• **GIVEN DATA**:
━━━━━━━━━━━━━━━━

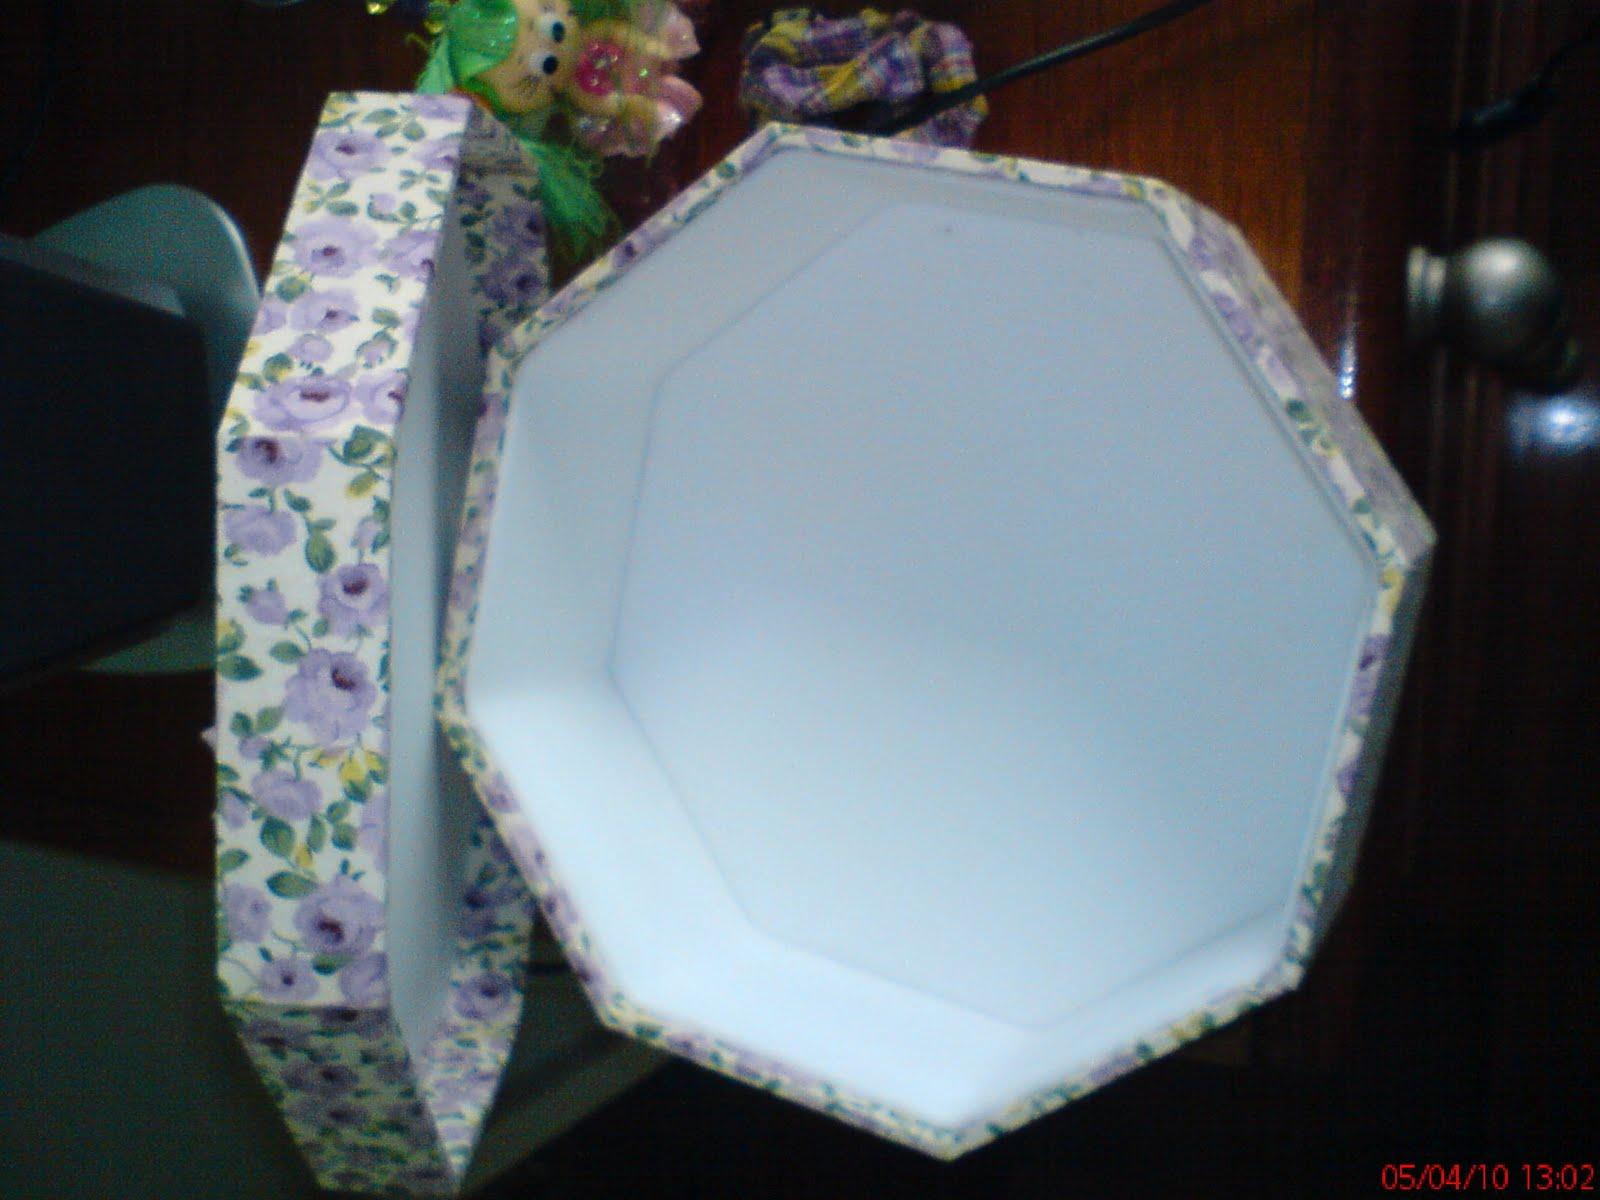 Coisa Bonita Artesanato: Caixa de madeira forrada com tecido e EVA #63382C 1600x1200
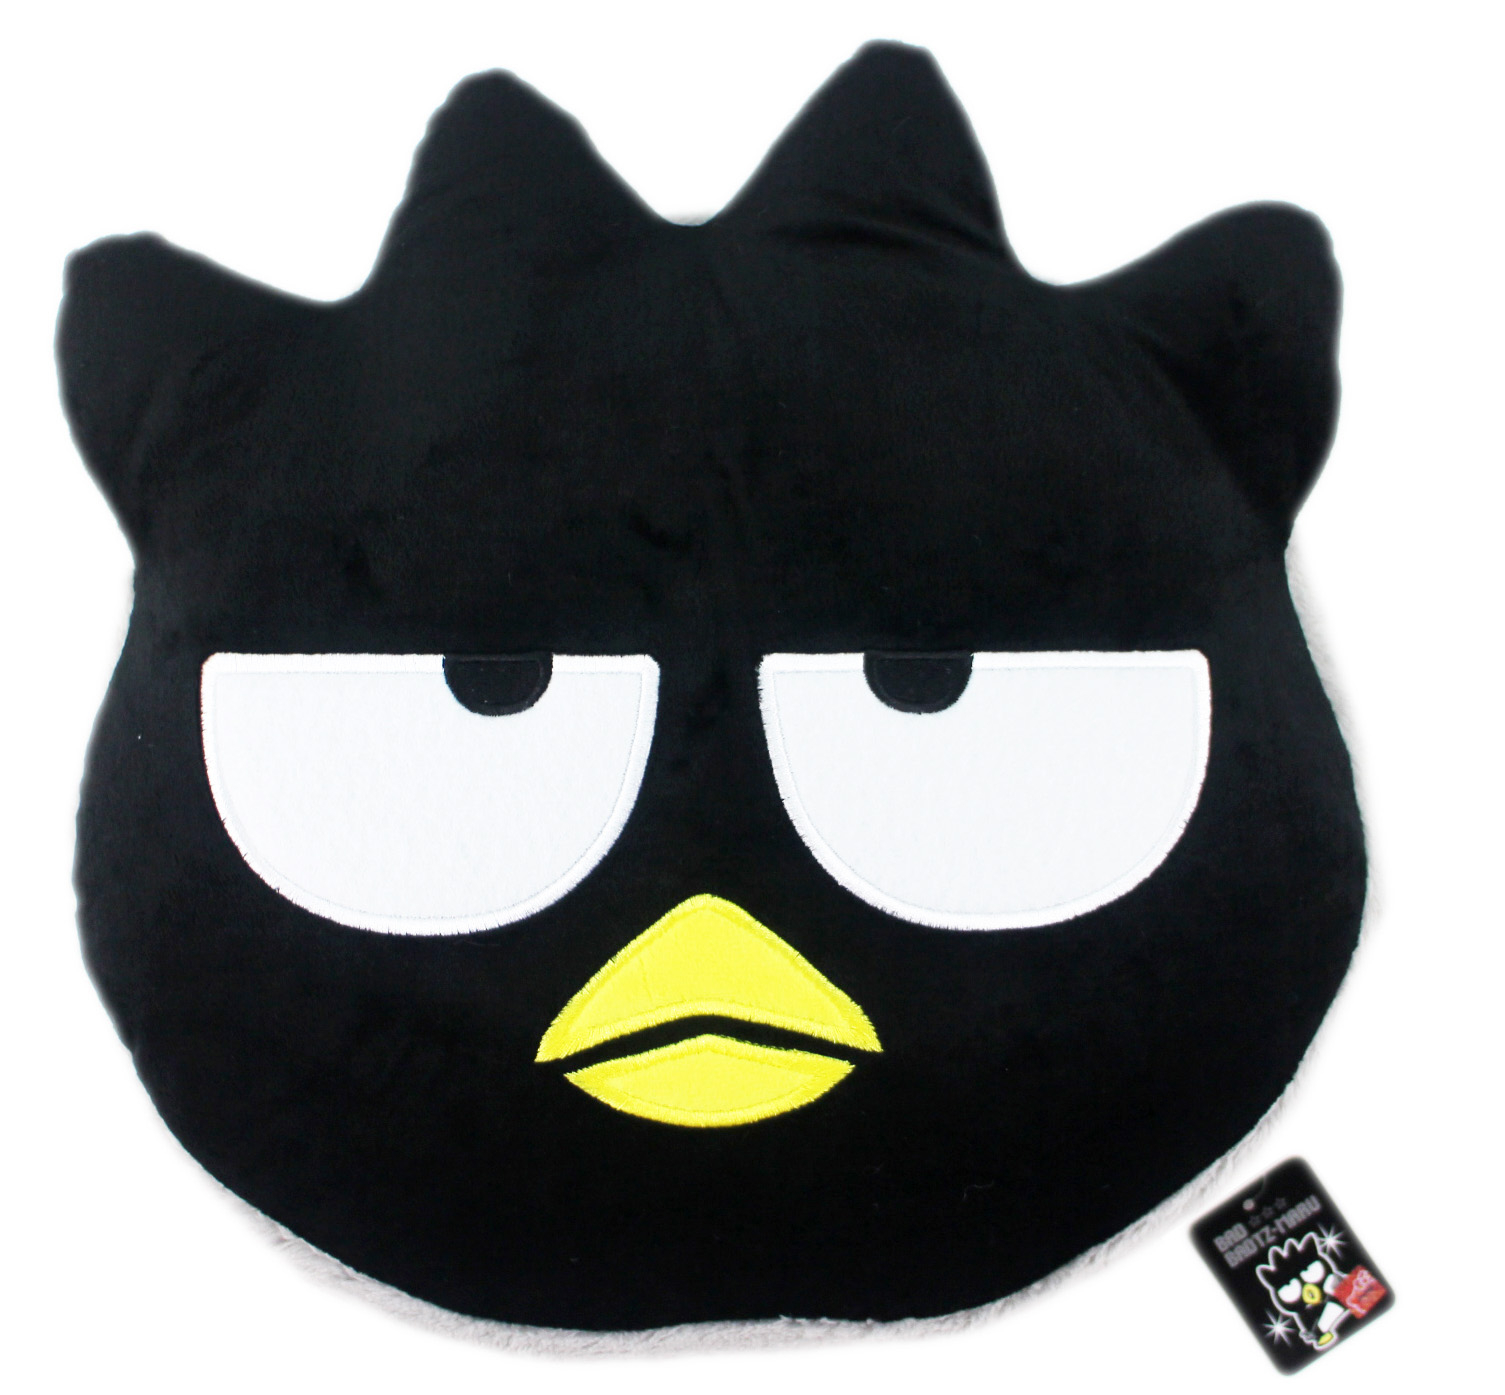 【卡漫城】 酷企鵝 抱枕 33cm 馬卡龍 ㊣版 絨毛 娃娃 Badtz Maru 午休枕 玩偶 午安枕 靠墊 靠枕
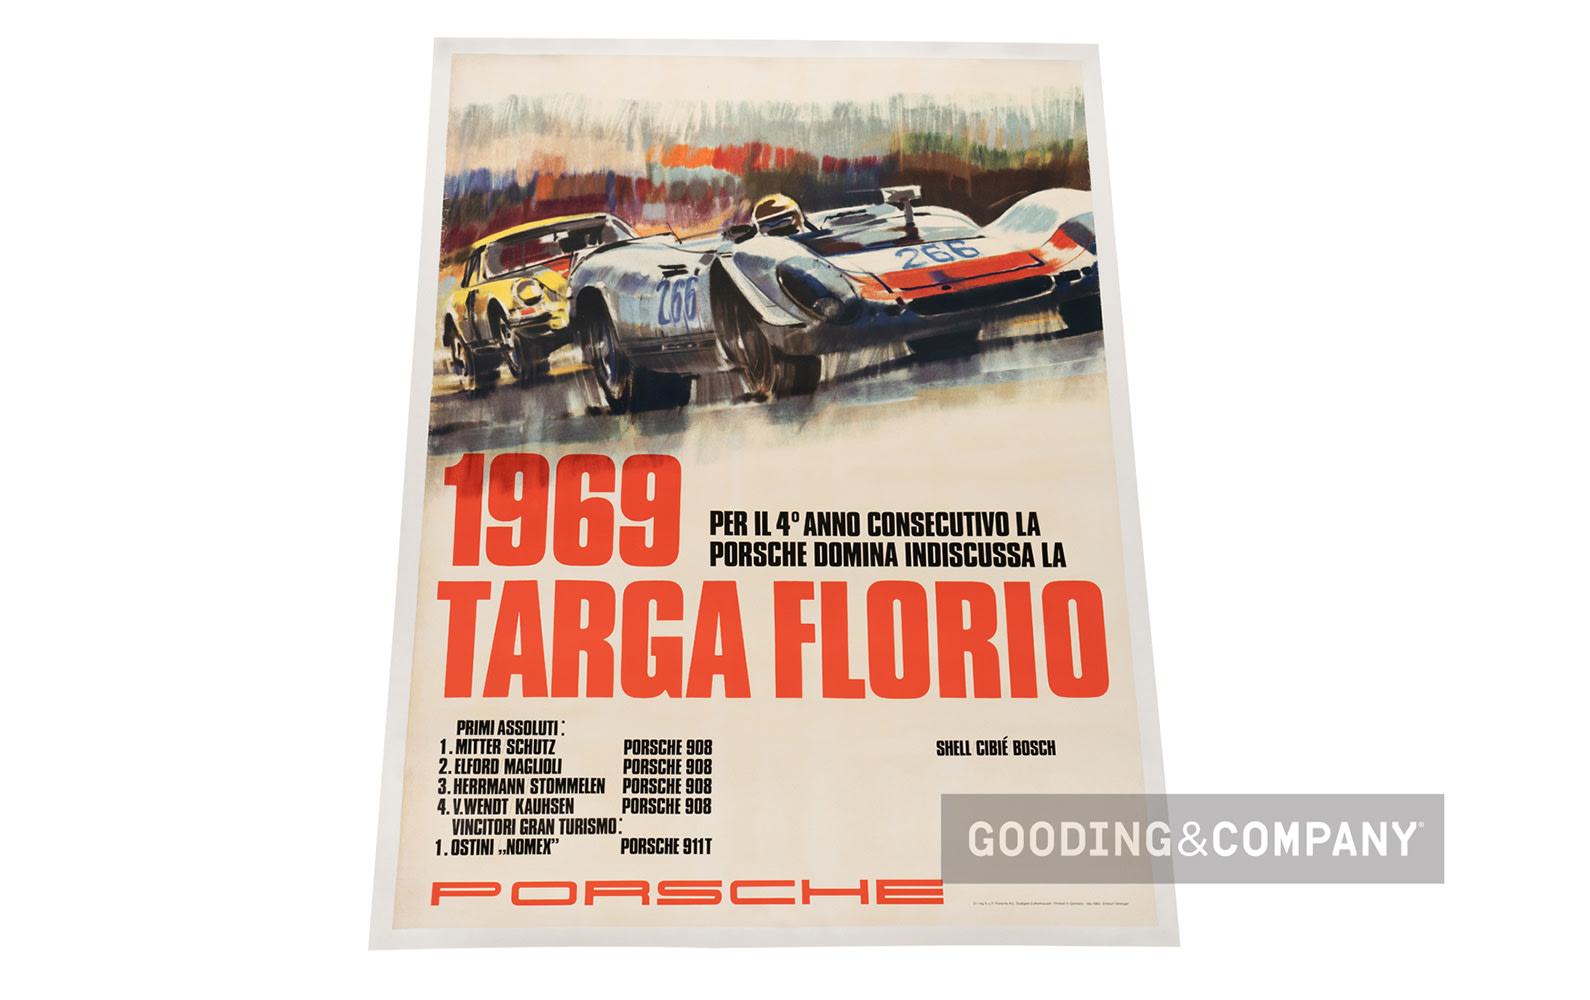 1969 Targa Florio Poster
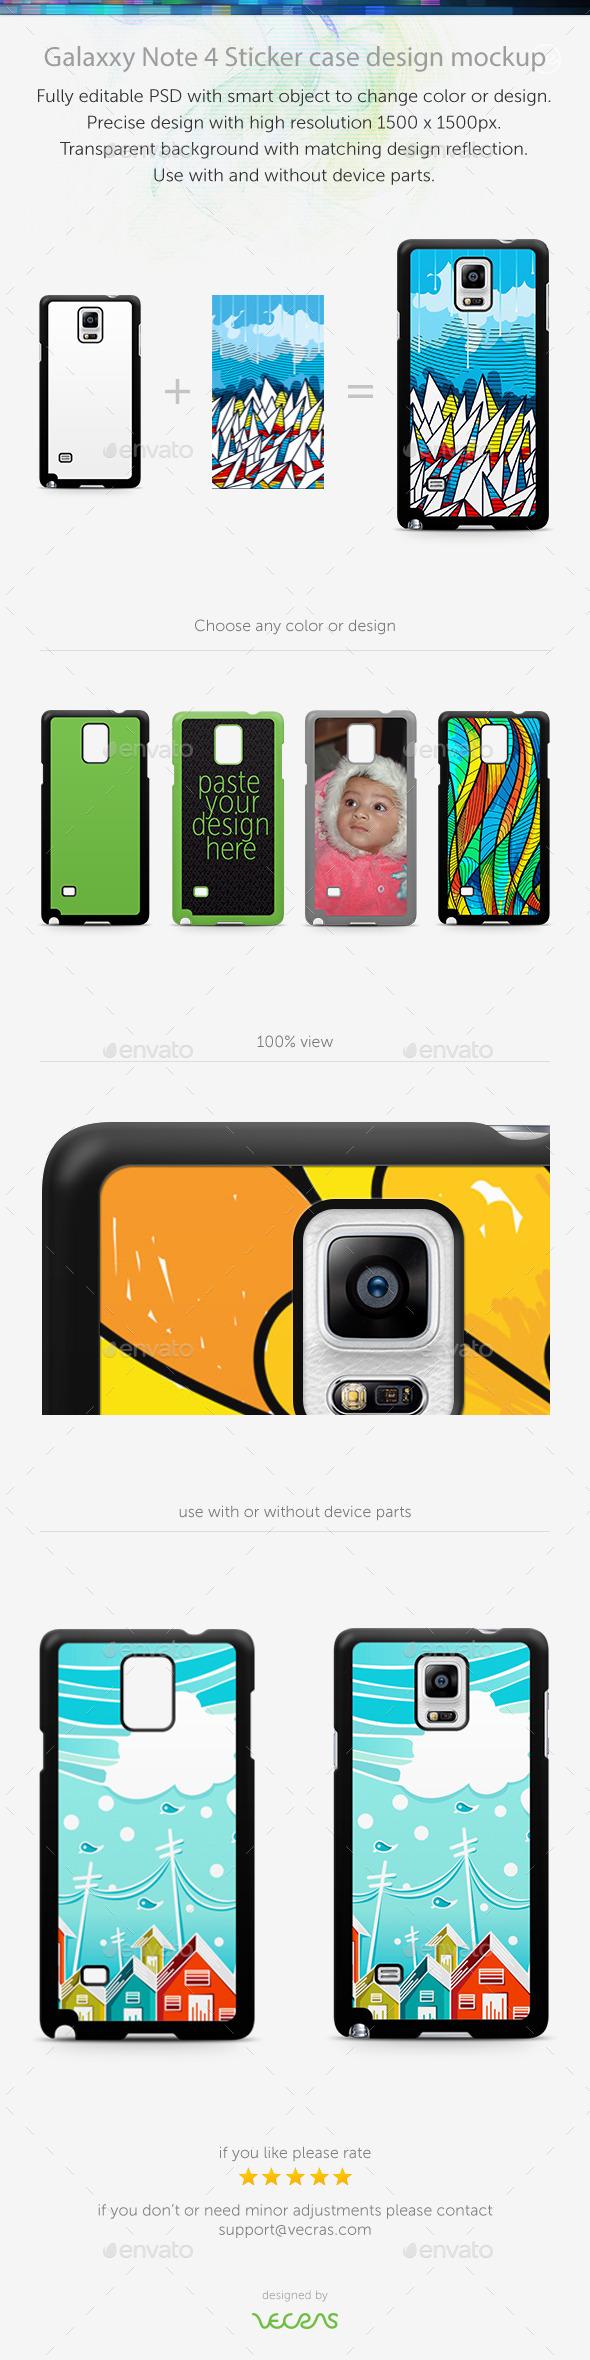 GraphicRiver Galaxxy Note 4 Sticker Case Design Mockup 10696046

━━━━━━━━━━━━━━━━

• **EXERCISE GOAL**: Reproduce the data word for word without its images.

• **EXPECTED OUTPUT**:
 Coisa Bonita Artesanato: Caixa de madeira forrada com tecido e EVA #63382C 1600x1200
 【卡漫城】 酷企鵝 抱枕 33cm 馬卡龍 ㊣版 絨毛 娃娃 Badtz Maru 午休枕 玩偶 午安枕 靠墊 靠枕
 1969 Targa Florio Poster
 GraphicRiver Galaxxy Note 4 Sticker Case Design Mockup 10696046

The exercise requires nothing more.